The findings could inspire different ways to building robots that manipulate air to move or hold things. The study sought to better understand the physics of how elephants use their trunks to move and manipulate air, water, food and other objects. They also sought to learn if the mechanics could inspire the creation of more efficient robots that use air motion to hold and move things.


While octopus use jets of water to move and archerfish shoot water above the surface to catch insects, the Georgia Tech researchers found that elephants are the only animals able to use suction on land and underwater.

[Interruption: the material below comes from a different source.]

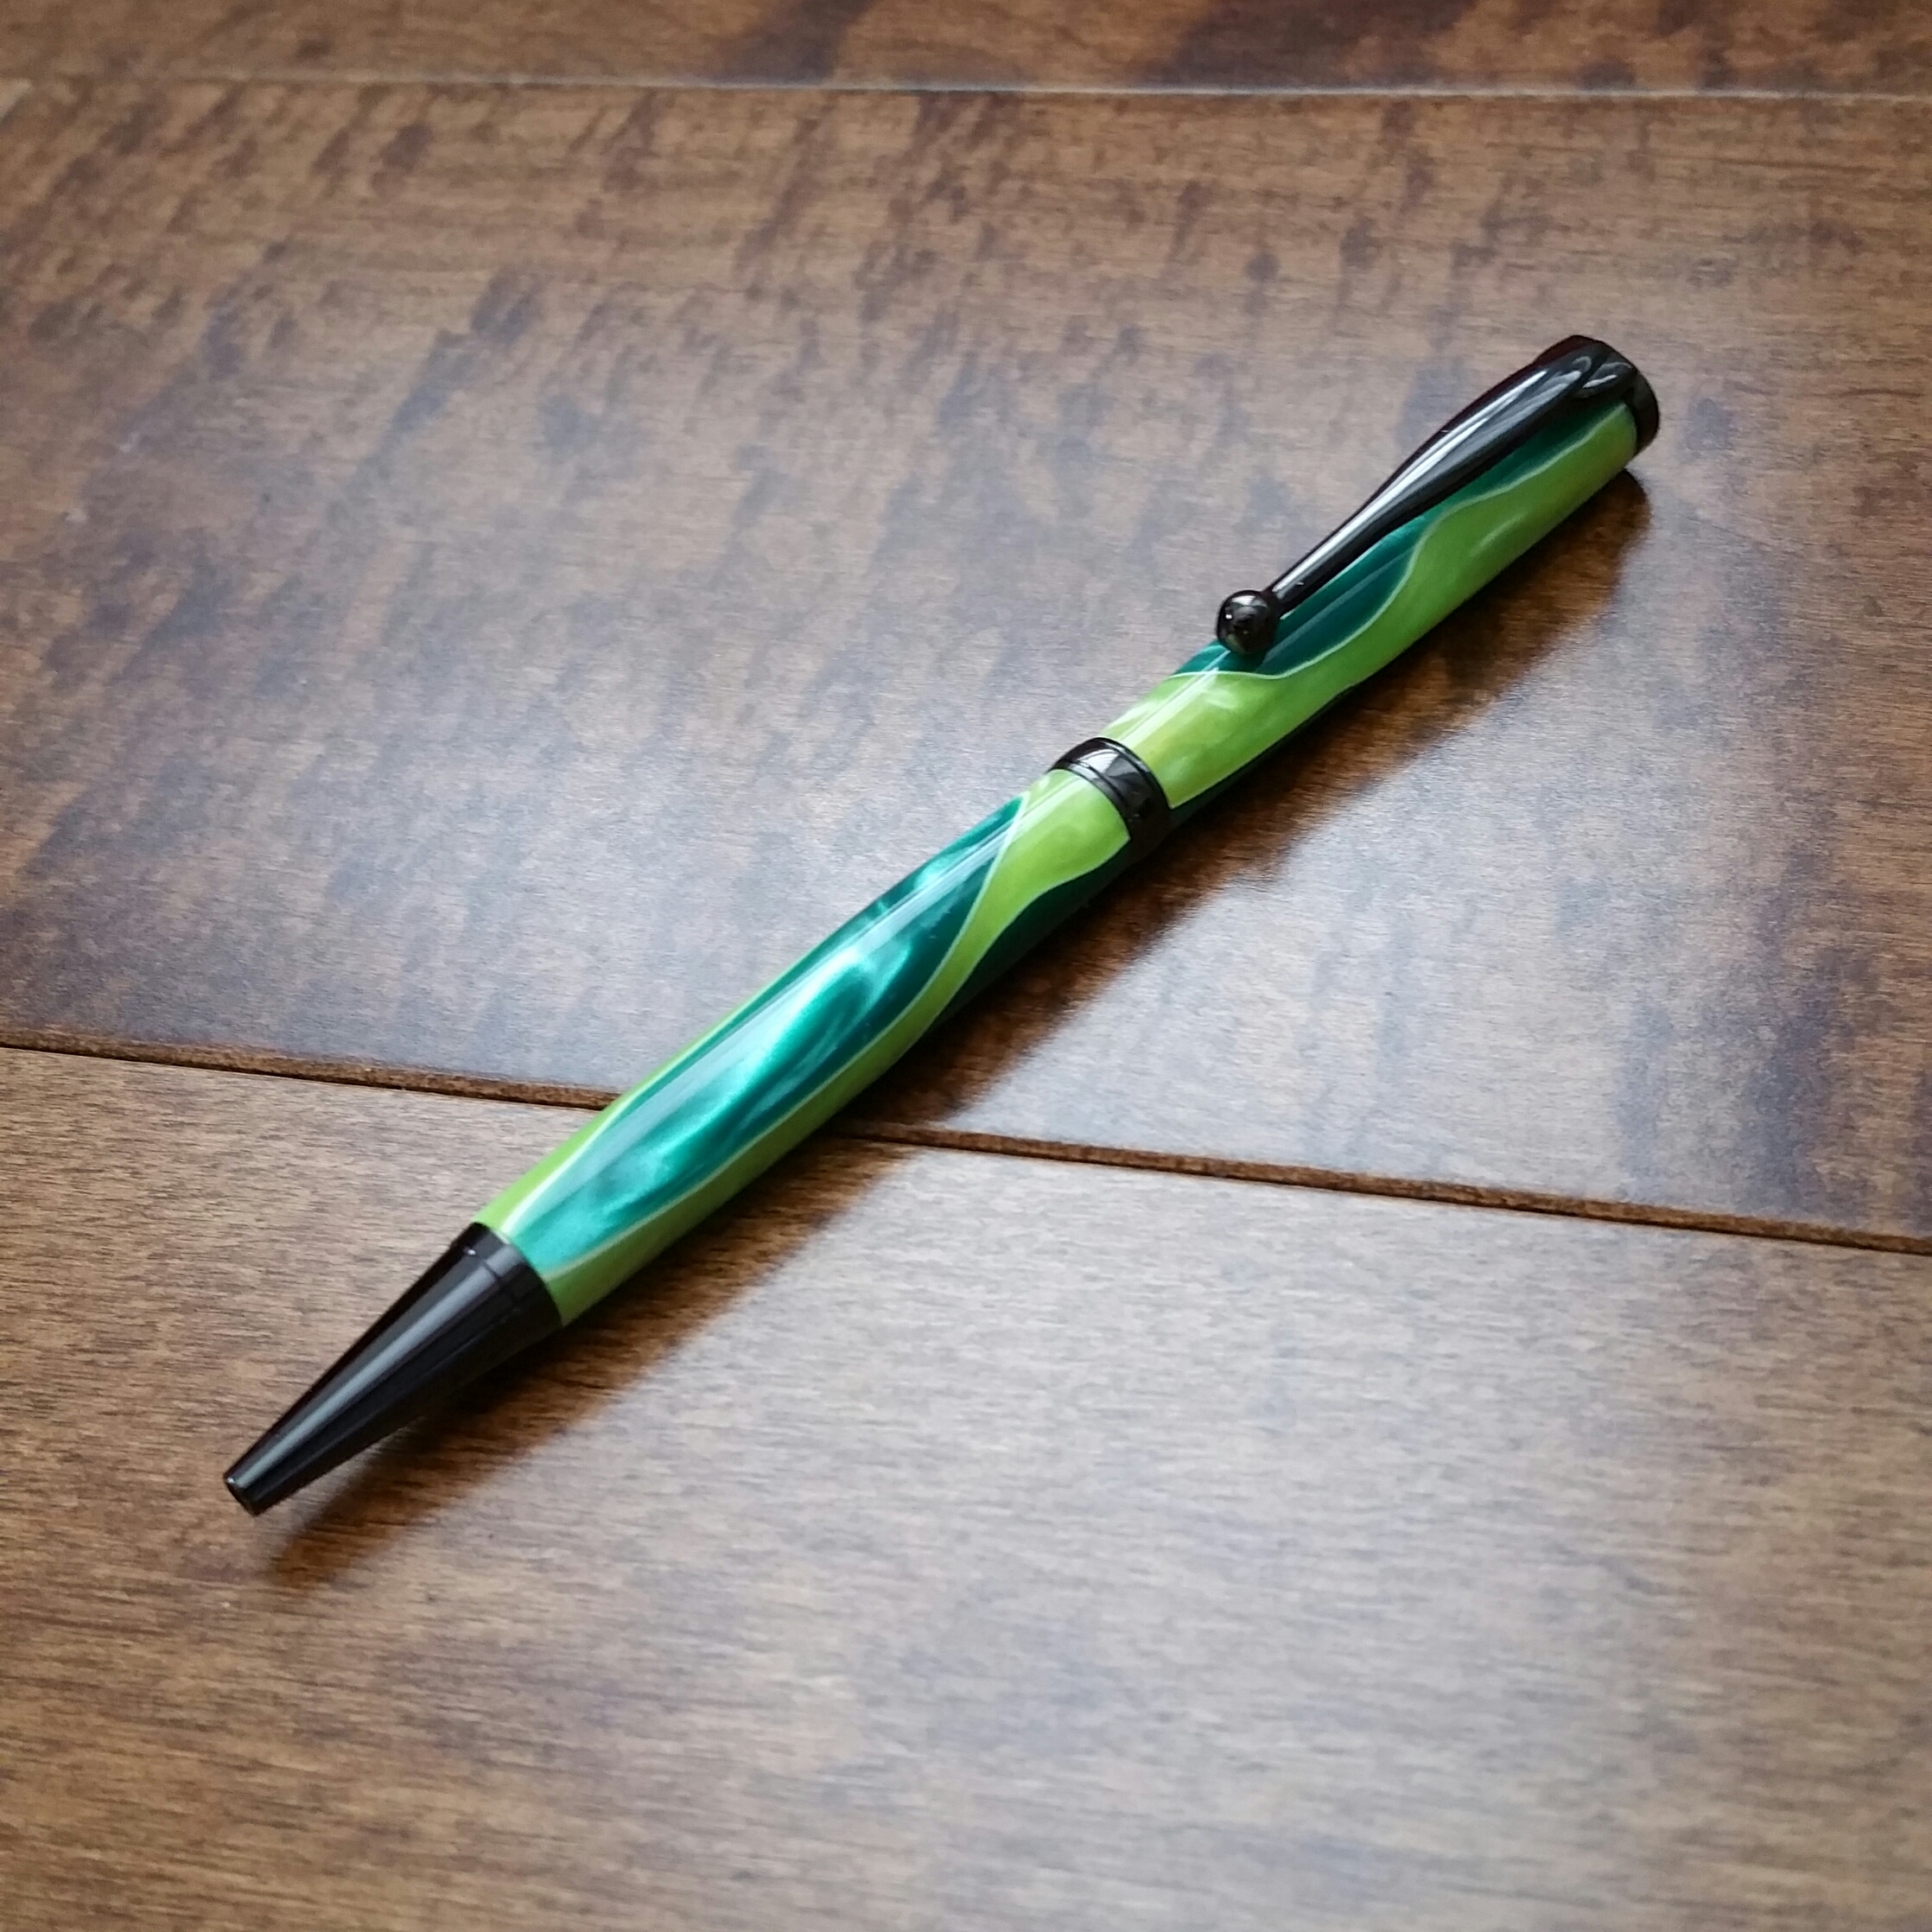 Finished pen

The paper, ‘Suction feeding by elephants’, is published in the Journal of the Royal Society Interface. “An elephant eats about 400 pounds of food a day, but very little is known about how they use their trunks to pick up lightweight food and water for 18 hours, every day,” said Georgia Tech mechanical engineering PhD student Andrew Schulz, who led the study. “It turns out their trunks act like suitcases, capable of expanding when necessary.”

Schulz and the Georgia Tech team worked with veterinarians at Zoo Atlanta, studying elephants as they ate various foods. For large rutabaga cubes, for example, the animal grabbed and collected them. It sucked up smaller cubes and made a loud vacuuming sound, or the sound of a person slurping noodles, before transferring the vegetables to its mouth.

“An elephant uses its trunk like a Swiss Army Knife,” said David Hu, Schulz’s advisor and a professor in Georgia Tech’s George W. Woodruff School of Mechanical Engineering. “It can detect scents and grab things. Other times it blows objects away like a leaf blower or sniffs them in like a vacuum.”